Chaos erupts again on China’s stock markets
Editorial from socialist newspaper Offensiv, weekly of the CWI in Sweden
Just when the world’s elite were sounding the ‘all clear’ the Shanghai stock exchange plummeted again. On Monday 27 July Chinese stocks fell by 8.5 percent – the biggest decline in a single trading session since the year 2007, and the second biggest fall ever in China. Even the following day stocks in Shanghai and Shenzhen fell again.
The recent slump comes on the heels of a sharp decline by over 30 percent in the value of the Chinese stock markets from mid-June until well into July, which sent shockwaves through global finance markets. Not least within China’s ruling group signs of panic and desperation were evident. For many of China’s 90 million small investors the stock market crash has been a disaster.
“The last time we saw a fall of 30 percent in 16 trading days in China was in the late 1990s, so it’s the biggest crash in 20 years. Many in China now compare it with what happened to Wall Street in the 1930s,” said Amy Yuan Zhuang, Asia analyst at Nordea bank in Singapore, quoted in Dagens Industri.
On the financial markets there is legitimate concern that the debt mountain created by China’s bubble economy could result in a crisis that is “worse than in the US in 2007 and the subprime crash.”
Beijing responded to June’s stock market crash by launching various support programs to lift stock prices and calm the “market”. But the effects of the rescue measures and panic bailout by the regime proved to be short-lived.
Suspicions over GDP data
Matters were not helped when the regime claimed in mid-July that China’s GDP rose by 7.0 percent in the second quarter of 2015, compared with the corresponding quarter last year. There are few if any who believe this allegedly continued high rate of growth. And no sooner had the government presented its doctored growth figures when the news was announced that “China’s factory sector contracted by the most in 15 months in July as shrinking orders depressed output, according to a preliminary purchasing managers’ index from Caixin and Markit.” (Reuters, July 24)
On 27 July news agency TT reported, “diminishing profits from the industrial sector reinforced fears that China’s economic slowdown is about to deepen further.”
Even if further support measures get share prices to rise again there still remains the unprecedented crises of overcapacity and overproduction created in China, which acts as an increasingly powerful brake on economic growth in both China and the rest of the world. And reduced growth inevitably means the crisis and divisions within the Chinese dictatorship will worsen.
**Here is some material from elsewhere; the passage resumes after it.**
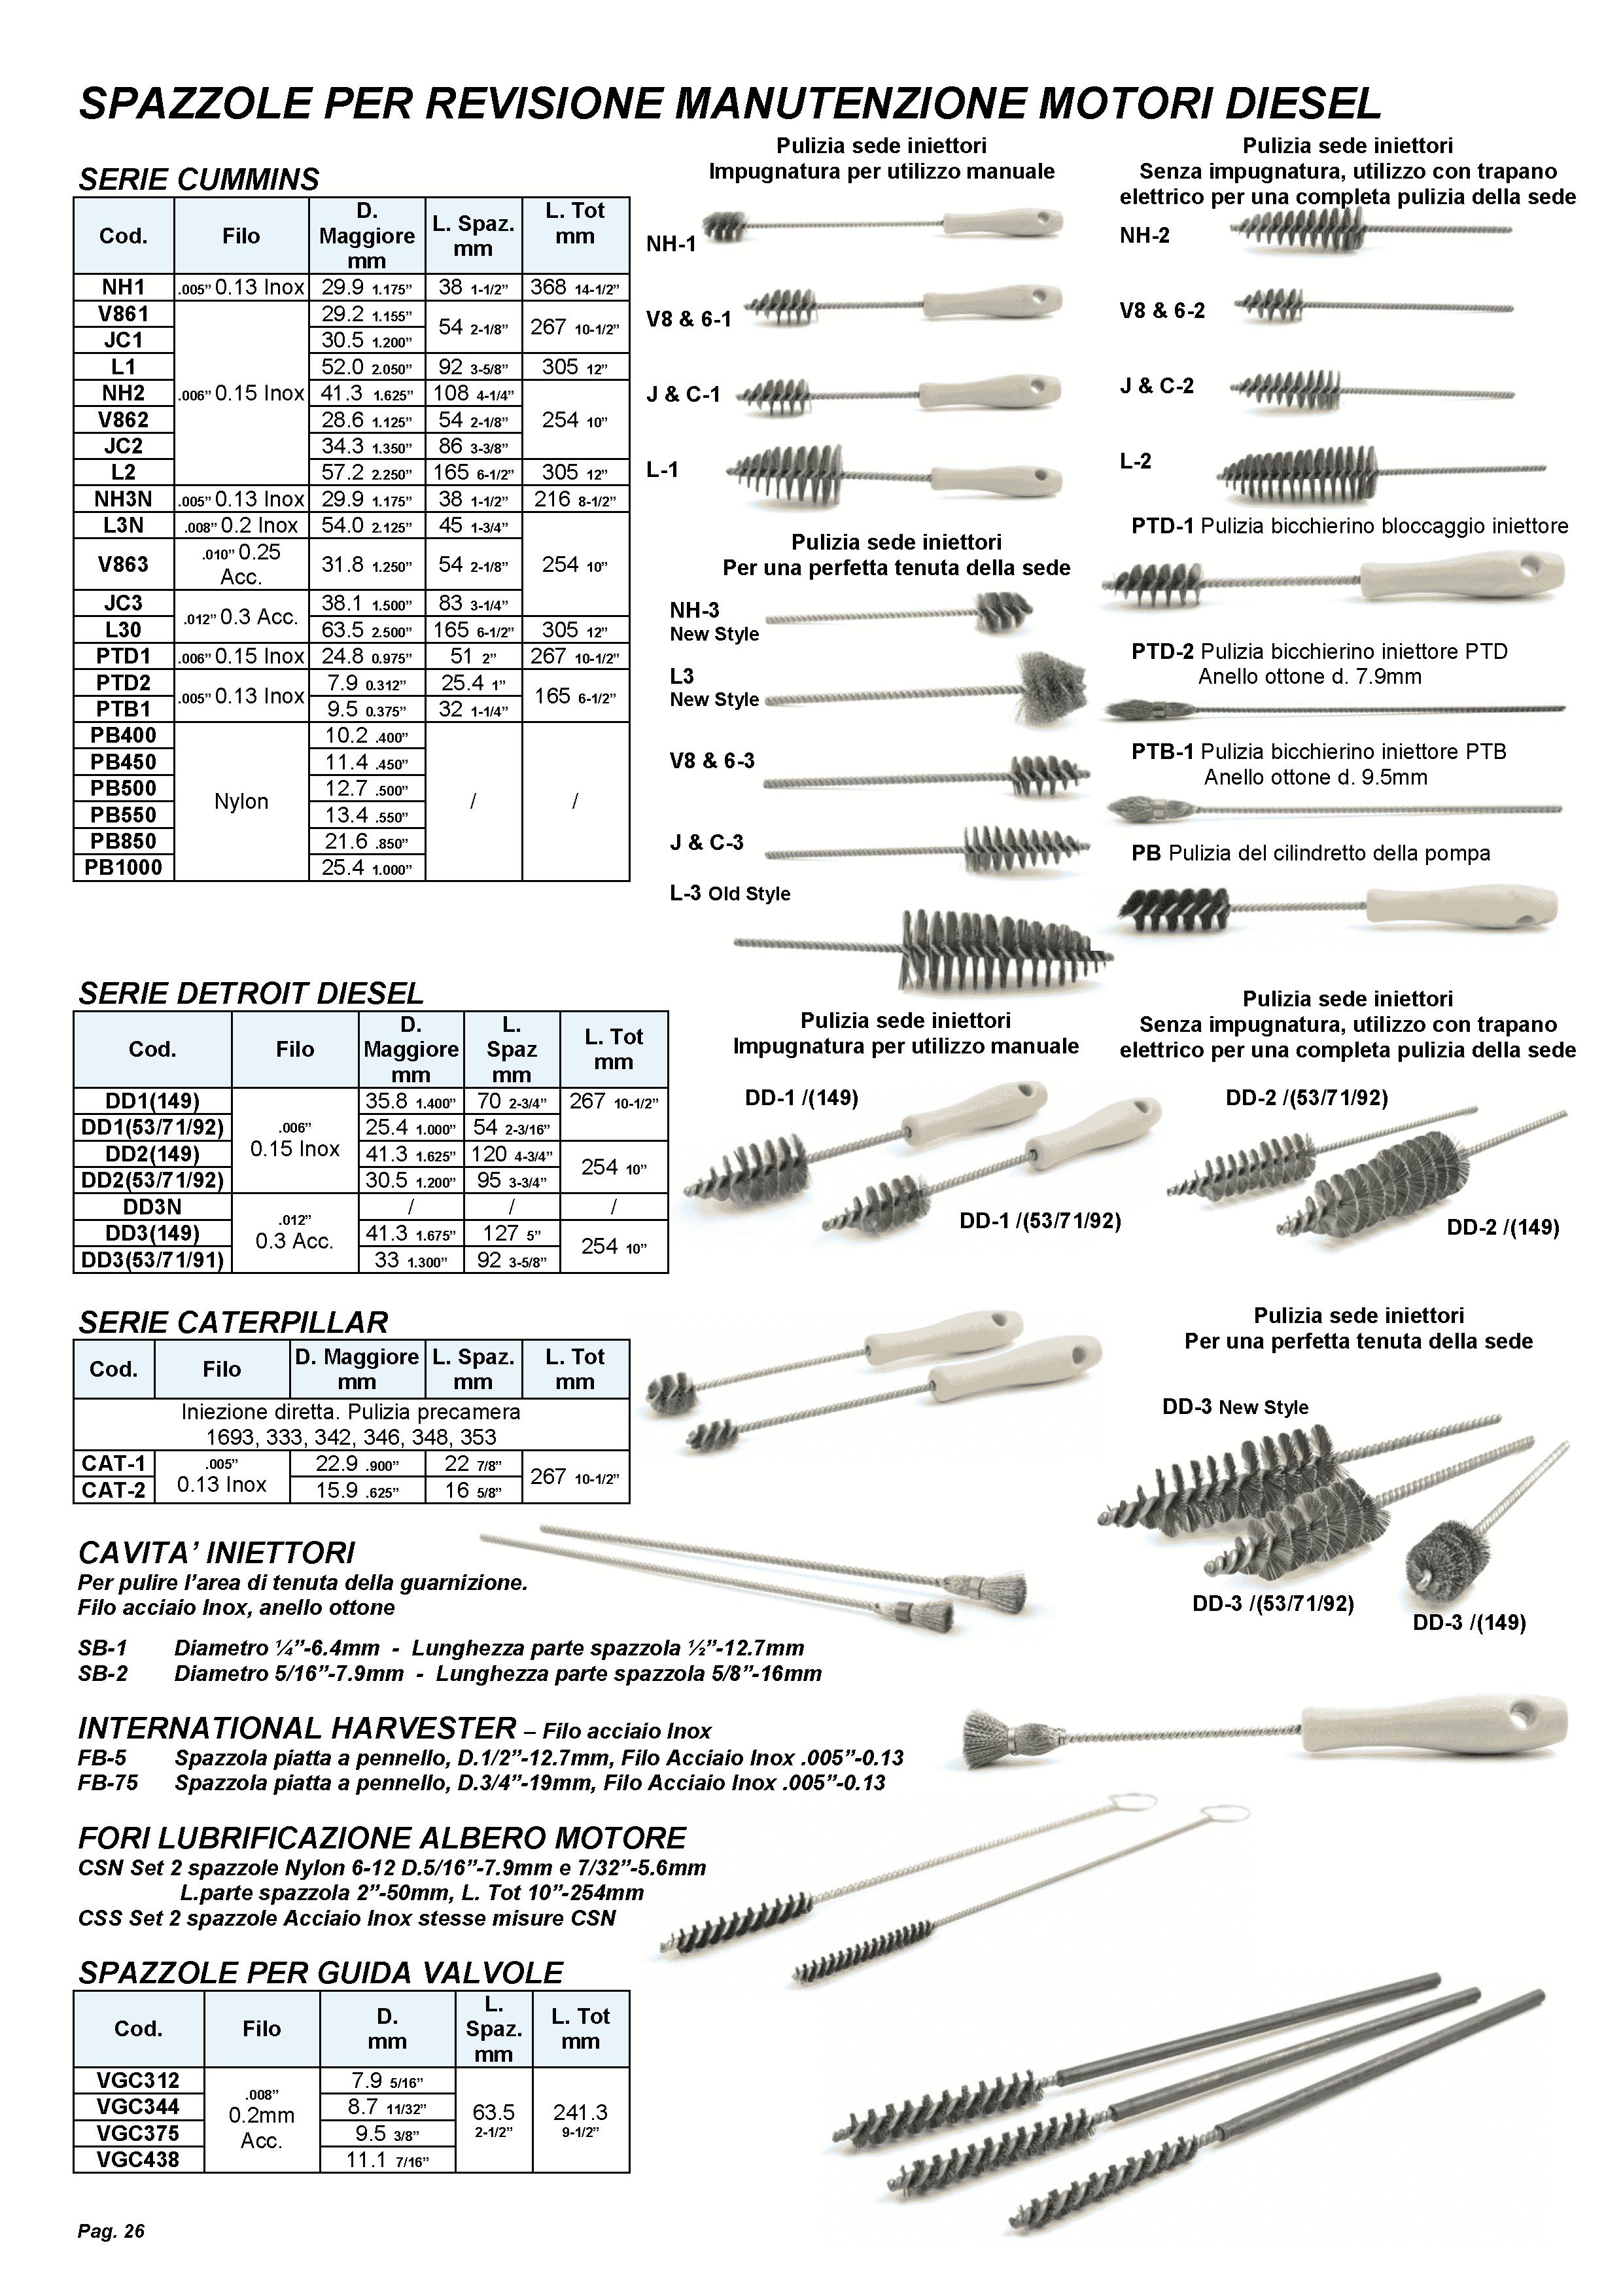 26-spazzole-revisione-manutenzione-motori-diesel

That the current crisis in China developed simultaneously with the deepening of economic crises in other so-called emerging countries like Brazil, Russia and Turkey, together with the continuing Eurocrisis increases the woes facing global capitalism. Now that even China’s peculiar form of state capitalism has run into a dead end deprives world capitalism not only of its main growth engine, but also a celebrated model that governments and capitalists around the world wanted to copy. Instead of being the saviour of world capitalism, China is now on its way to become a major source of both instability and new global crises as well as mass revolts and socialist awakening.